With the academic and personal stress students often face, OCC faculty and staff need to be prepared to recognize potential issues and use front line approaches to guide students to the resources they may need to be successful.
But it may be difficult to identify a student in crisis and know how to help without first understanding what can trigger certain behaviors.
OCC’s Mental Health Task Force (MHTF) recently launched a new series of presentations designed to promote awareness of mental health issues affecting OCC students and employees. A collaborative effort between OCC’s Human Resources and Student Services kicked off the series at the Orchard Ridge campus.

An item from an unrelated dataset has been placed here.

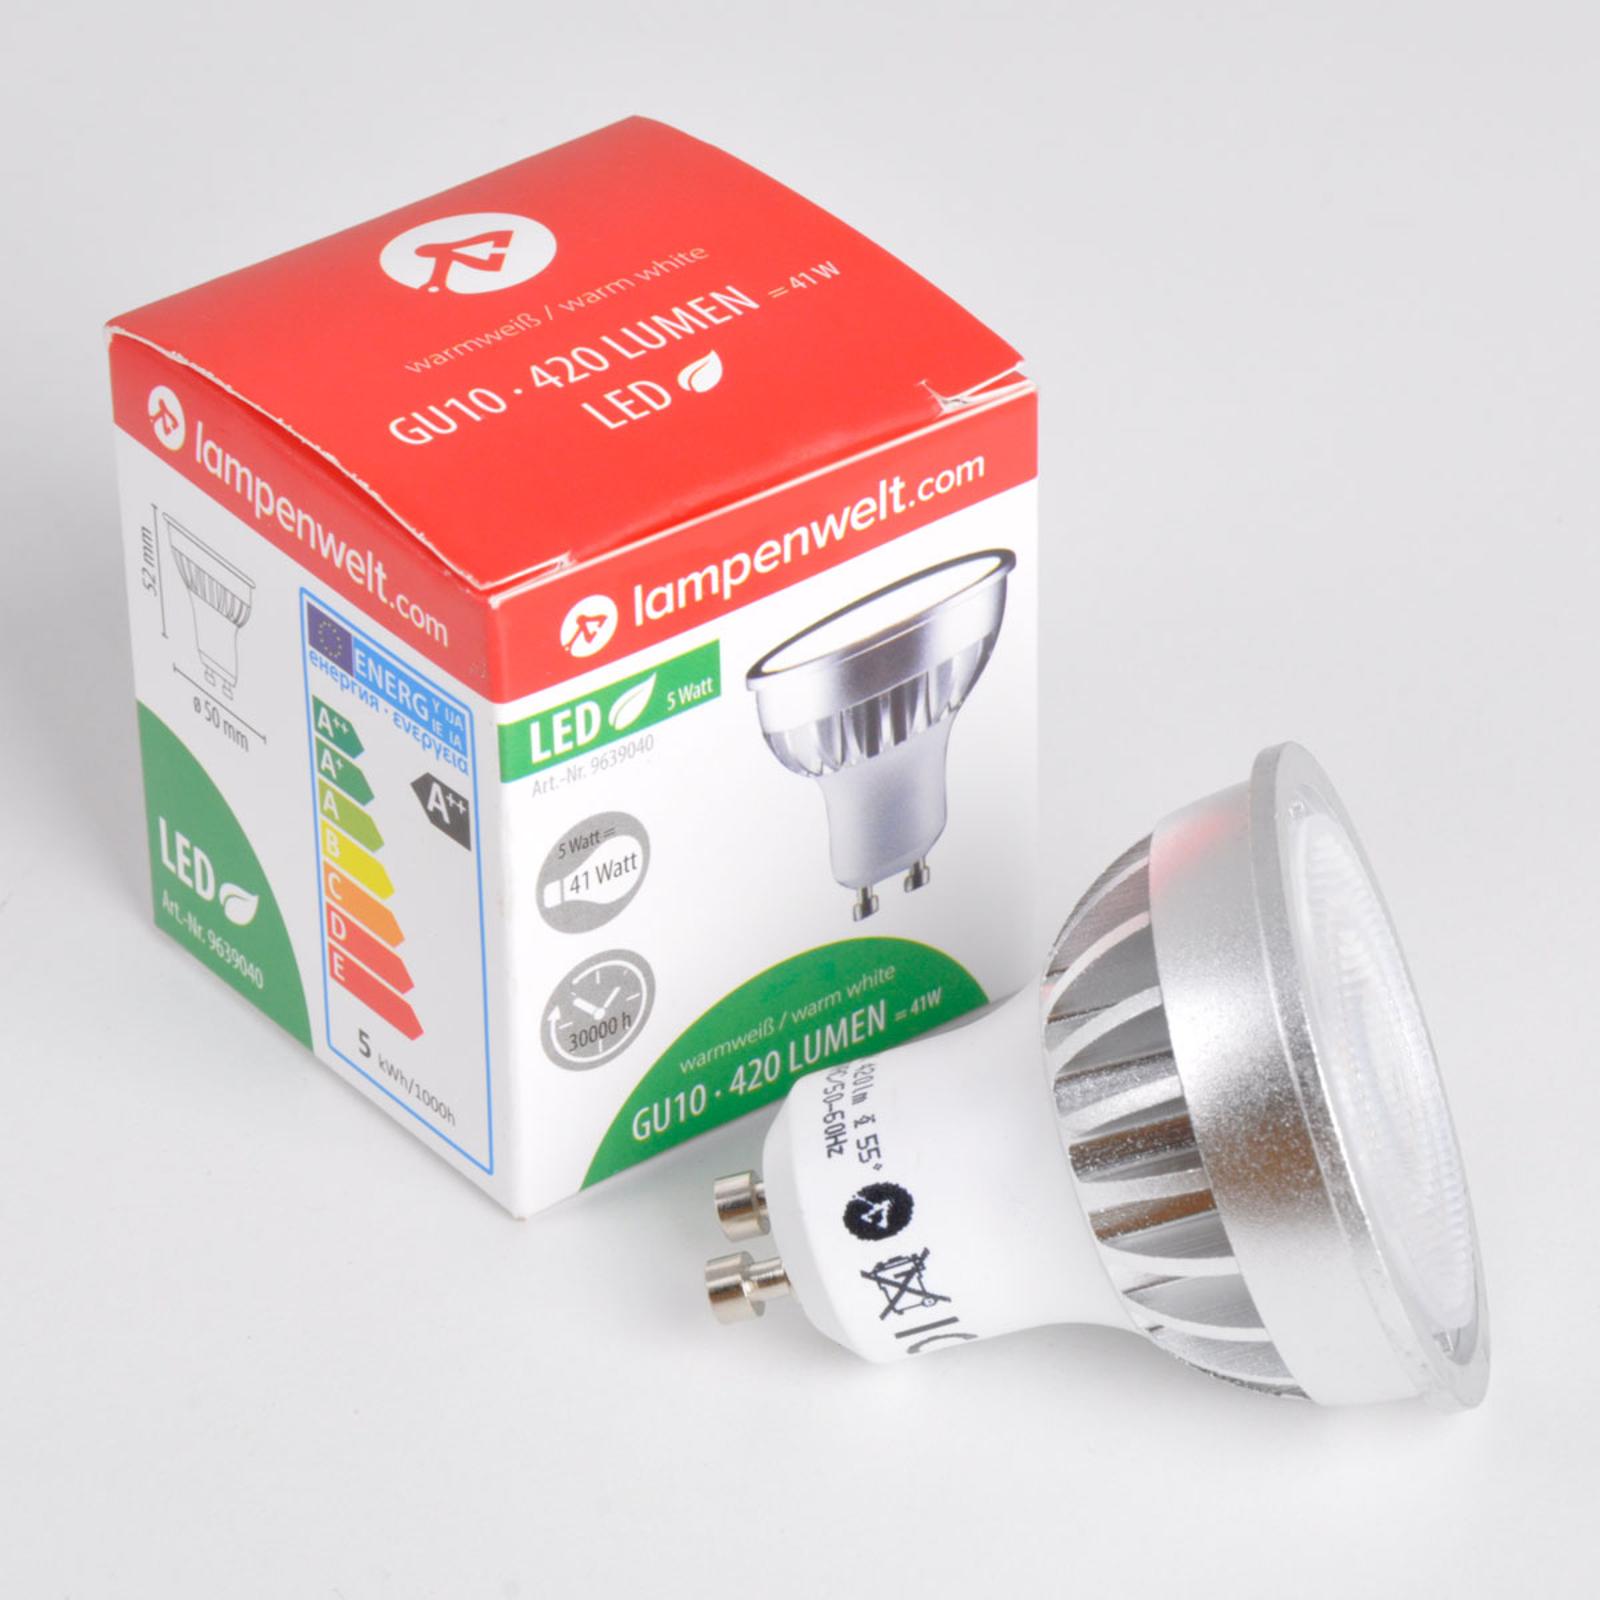 GU10 5 W 830 LED reflektor 55°

“OCC’s Mental Health Task Force was formed in 2015 to address the noted uptake in students struggling with mental health issues,” said Lori Przymusinski, vice chancellor for student services. “A grant to address student mental health and suicide prevention on college campuses was acquired in 2016 for OCC to join the JED Campus. A student climate survey was then deployed in Winter 2018. Some of the survey findings, among others, recommended the need to provide our staff with education to recognize and assist students in crisis.”
“Mental Health Overview,” presented by Manachem Hojda, an OCC alumnus and licensed master social worker with the Oakland Community Health Network, provided insight and perspective on this growing issue. Hojda focused on understanding some of the signs and symptoms people may exhibit with mental health issues and information on resources available to them. He spoke to a group of 60 employees representing multi campus system and district office.
Hojda shared information about the types of childhood trauma that can lead to a student’s inability to handle the expectations and stress of K-12 and college. He explained that ‘trauma’ can include both personal and family traumas such as physical and verbal abuse, divorce, a parent with addiction issues and losing a parent at an early age. He wove his own experience as a student facing personal family crisis into the discussion and his inability to be successful in high school. He then found his academic groove at OCC and credits faculty and staff who were willing to help him succeed.
According to Hojda, these types of situations are, unfortunately, all too common and recognizing students who may need assistance is vital.
“People are surprised at the burdens that many of our students carry,” said Kirstine Evans, chair of the Highland Lakes counseling office. “For example, 40 percent of our students have food insufficiencies, and many are also carrying other financial burdens as well.”
Evans said that many students assume counselors can only help with educational concerns but, in fact, they also help students with personal issues.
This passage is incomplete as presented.